Pacific nation of Palau welcomes pledge for marine sanctuary patrol boat

The tiny pacific archipelago of Palau has welcomed the offer of a new 40 metre patrol boat to help control illegal fishing in its California-sized marine reserve. 

Commercial fishing and oil drilling, which are considered to be two of the biggest threats to the world’s oceans, are banned in 500,000-square kilometre area but the nation only has one long range patrol vessel to help support its work.

President Tommy Remengesau has now announced that two Japanese non-government organisations — Nippon Foundation and the Sasakawa Peace Foundation — have agreed to step in. 

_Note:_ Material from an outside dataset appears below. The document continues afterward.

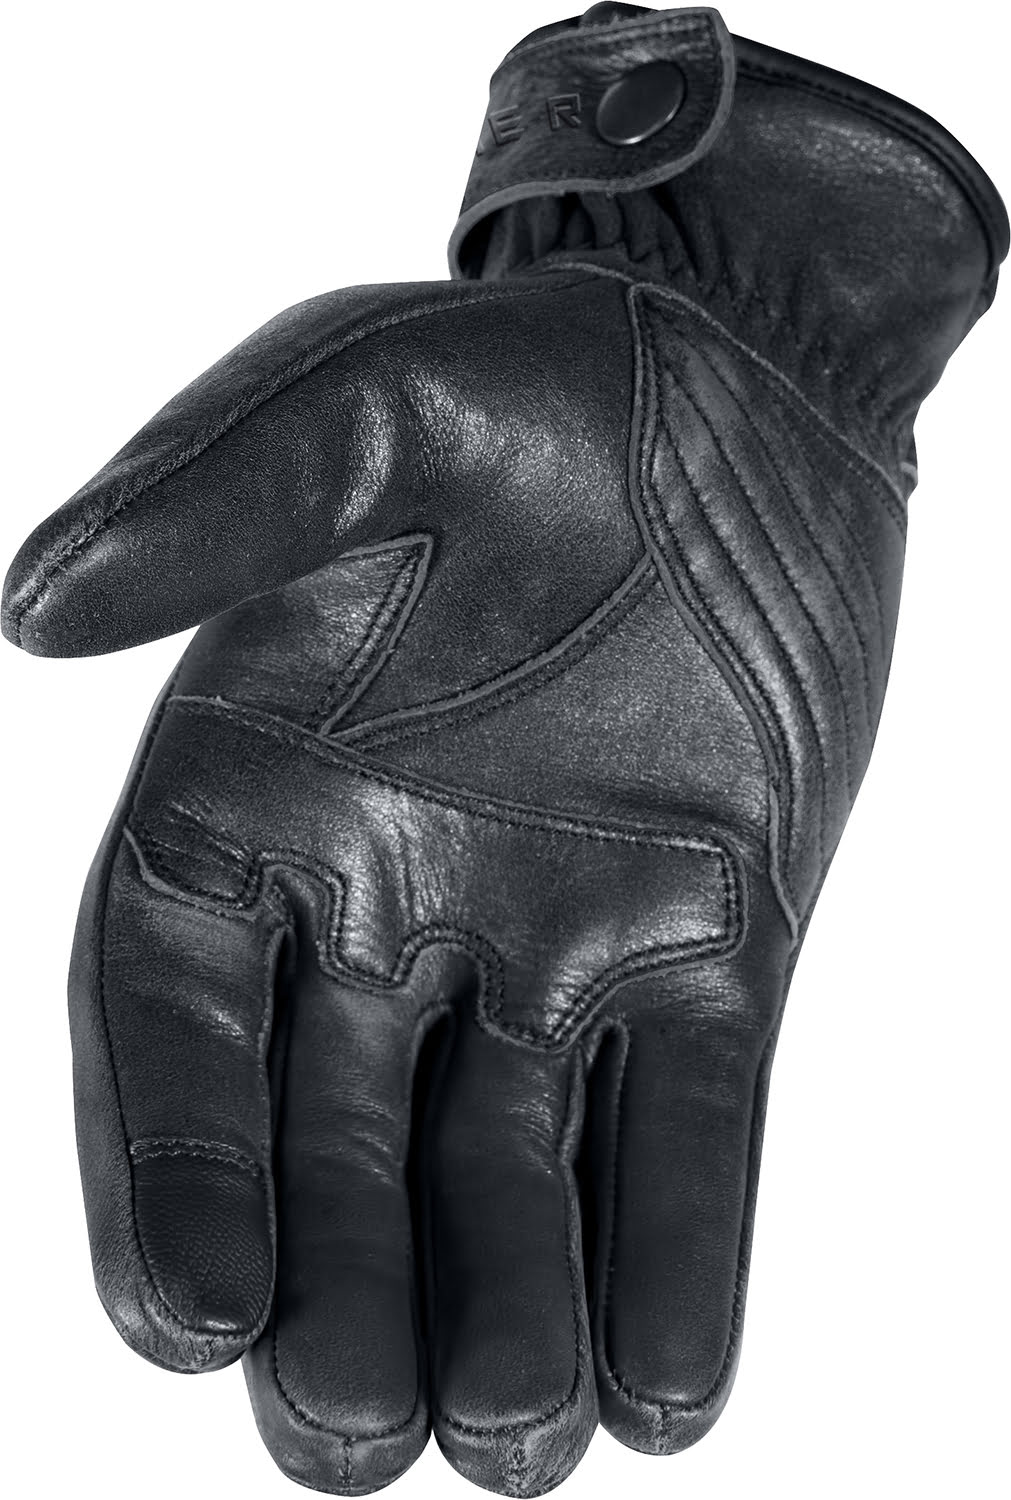 Gloves VINTAGE 2.0 Black STORMER 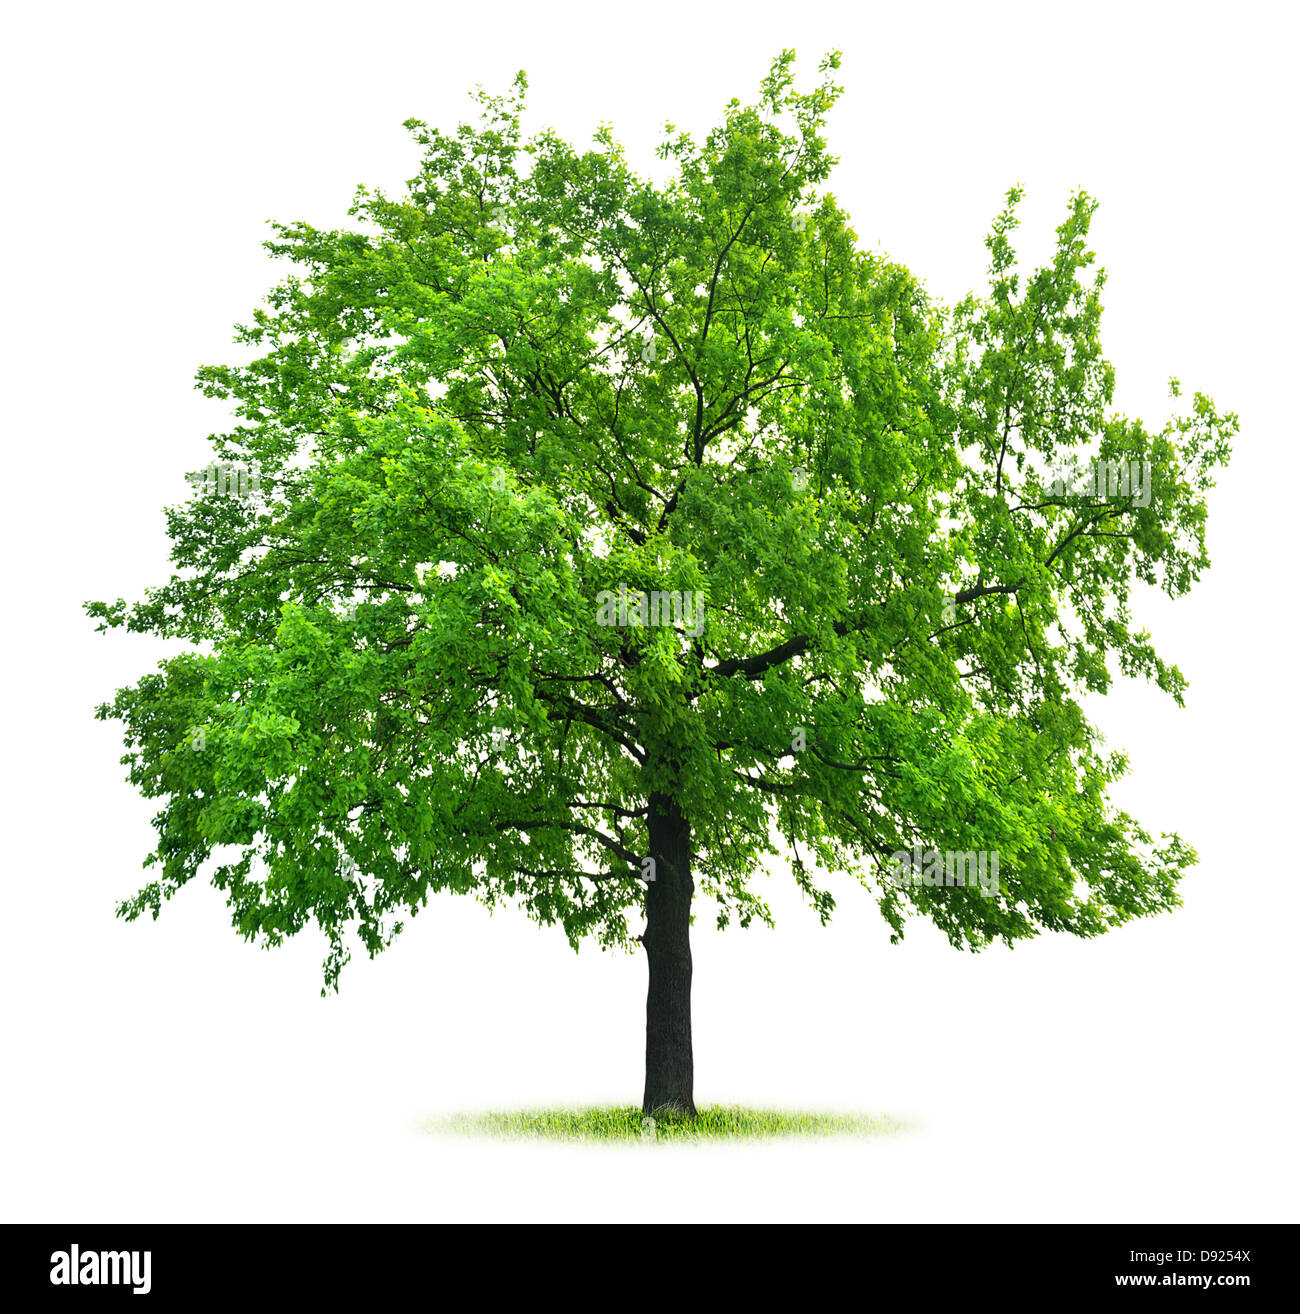 Big green oak isolated on white background Stock Photo

In a project, which is expected to cost more than $30 million, the two charities will supply a 40 metre patrol boat as well as covering fuel and maintenance costs. The boat is not expected to be handed over until late 2017. 

Speaking after the reserve had been approved by congress last year President Tommy E. Remengesau Jr said that the movement proved that a “small island nation can have a big impact on the ocean”.

“Creating this sanctuary is a bold move that the people of Palau recognise as essential to our survival. We want to lead the way in restoring the health of the ocean for future generations,” he added.

Palau has a strong history of marine conservation having created the world’s first shark sanctuary in 2009. Often cited as one of the “underwater wonders or the world” it is hoped that Palau can continue to develop as an eco-tourism destination.

"We're not just closing our waters and throwing away the key," President Remengesau explained at a United Nations oceans conference last year. "We're closing our waters because we will do our part in making sure that there's healthy stocks of fish in Palau that can migrate to other places, and that there are other options to grow the economy. 

"These are important ways to make a living and at the same time preserve the pristine environment that we have been blessed with in Palau."

The new marine reserve came just weeks after New Zealand announced plans to create a marine reserve the size of France in the Kermadec region.